A technical fault on the Nigerian Education Loan Fund portal has blocked the disbursement of monthly upkeep allowances to beneficiaries for nearly two months, leaving thousands of university, polytechnic, and college of education students without funds to cover basic living expenses, an agency source and student union officials have confirmed.
What Happened
A source within NELFUND, speaking on condition of anonymity because they were not authorised to address the matter publicly, confirmed to correspondents that a system-related problem had disrupted payment processing and that efforts were underway to reconcile the backlog.
The National Association of Nigerian Students received complaints from across tertiary institutions nationwide. NANS President Babatunde Akinteye said the association had confirmed that disbursements had been on hold for approximately two months with no public explanation from the agency.
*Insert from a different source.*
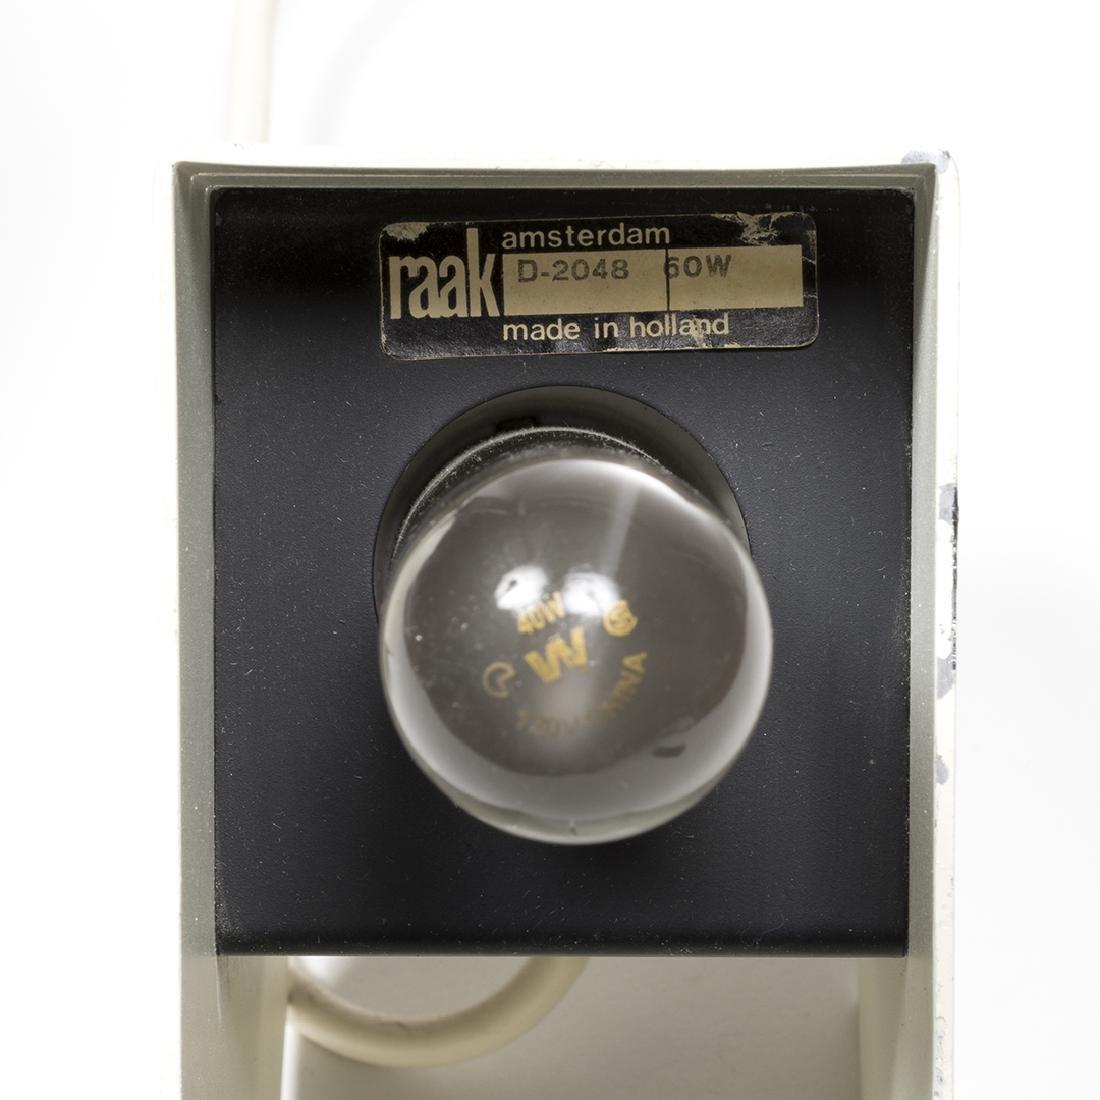 Raak Table Lamps (2) - 6

Akinteye called on NELFUND Managing Director Akintunde Sawyerr, Minister of Education Dr Tunji Alausa, and the Minister of Finance Wale Edun to intervene and release all outstanding allowances without further delay. He demanded a clear explanation for the disruption and a specific timeline for resolution, warning that NANS could consider peaceful action if the situation persisted.
NELFUND did not respond to requests for an official comment on the extent of the fault or when normal payments would resume.
Why It Matters
NELFUND is one of the flagship programmes of President Bola Tinubu’s administration, established under the Student Loans (Access to Higher Education) Act and amended in 2024 to strengthen implementation. Since disbursements began, the fund has approved loans and allowances for more than 1.16 million students, disbursing over N206 billion to date.
The scheme is specifically designed to reach students from low-income households who cannot independently cover tuition and living costs. For many beneficiaries, the monthly upkeep allowance is not supplementary income — it is the primary means by which they pay for feeding, accommodation, transportation, and materials. A two-month freeze on those payments has immediate, direct consequences on the daily lives of students who applied to the scheme precisely because they had no financial cushion.
The disruption is not the first of its kind. NELFUND has previously faced challenges with verification delays, application processing backlogs, and payment timeline inconsistencies. The NELFUND Managing Director himself acknowledged in an earlier interview that the system depends heavily on accurate data from institutions and that data gaps remain a persistent challenge.
What This Means for Nigerian Students
The practical reality for affected students is that two months of missed allowances represent a significant financial shortfall that many cannot absorb. Students living away from home, particularly in cities where accommodation costs are high, are the most exposed.
The episode also raises questions about the robustness of NELFUND’s IT infrastructure at a time when the Federal Government is simultaneously announcing plans to digitise teacher education — signalling ambition in one area while a glitch in another exposes the fragility of existing systems.
For NELFUND to retain public confidence as Nigeria’s primary student financing vehicle, the agency needs not just to resolve this technical fault but to communicate clearly, quickly, and publicly about what failed, what is being fixed, and when full disbursements will resume. The credibility of the entire scheme depends on students trusting that the money will arrive consistently.
Read also:
- NELFUND Reaches 1,586,921 Beneficiaries: Is Nigeria’s Education Revolution Finally Taking Shape?
- NELFUND Disbursement: Isoko Institutions, Delta beneficiaries rises after Ukodhiko’s intervention
- NELFUND disburses over ₦206 Billion to 1.16 Million students, expands access to higher education nationwide
“The primary objective of the NELFUND initiative is to provide relief and support to Nigerian students, particularly in the face of prevailing economic realities. Any delay that deprives students of access to these funds undermines the very purpose for which the initiative was established.” — Babatunde Akinteye, NANS President
The Bottom Line
A two-month payment freeze at NELFUND is a serious operational failure for a scheme designed specifically to serve the most financially vulnerable students in Nigeria’s tertiary institutions. The agency’s silence compounds the damage. Until NELFUND provides a transparent account of the system fault, a clear reconciliation timeline, and a commitment to preventing recurrence, students — and the credibility of the student loan programme itself — are left in the dark.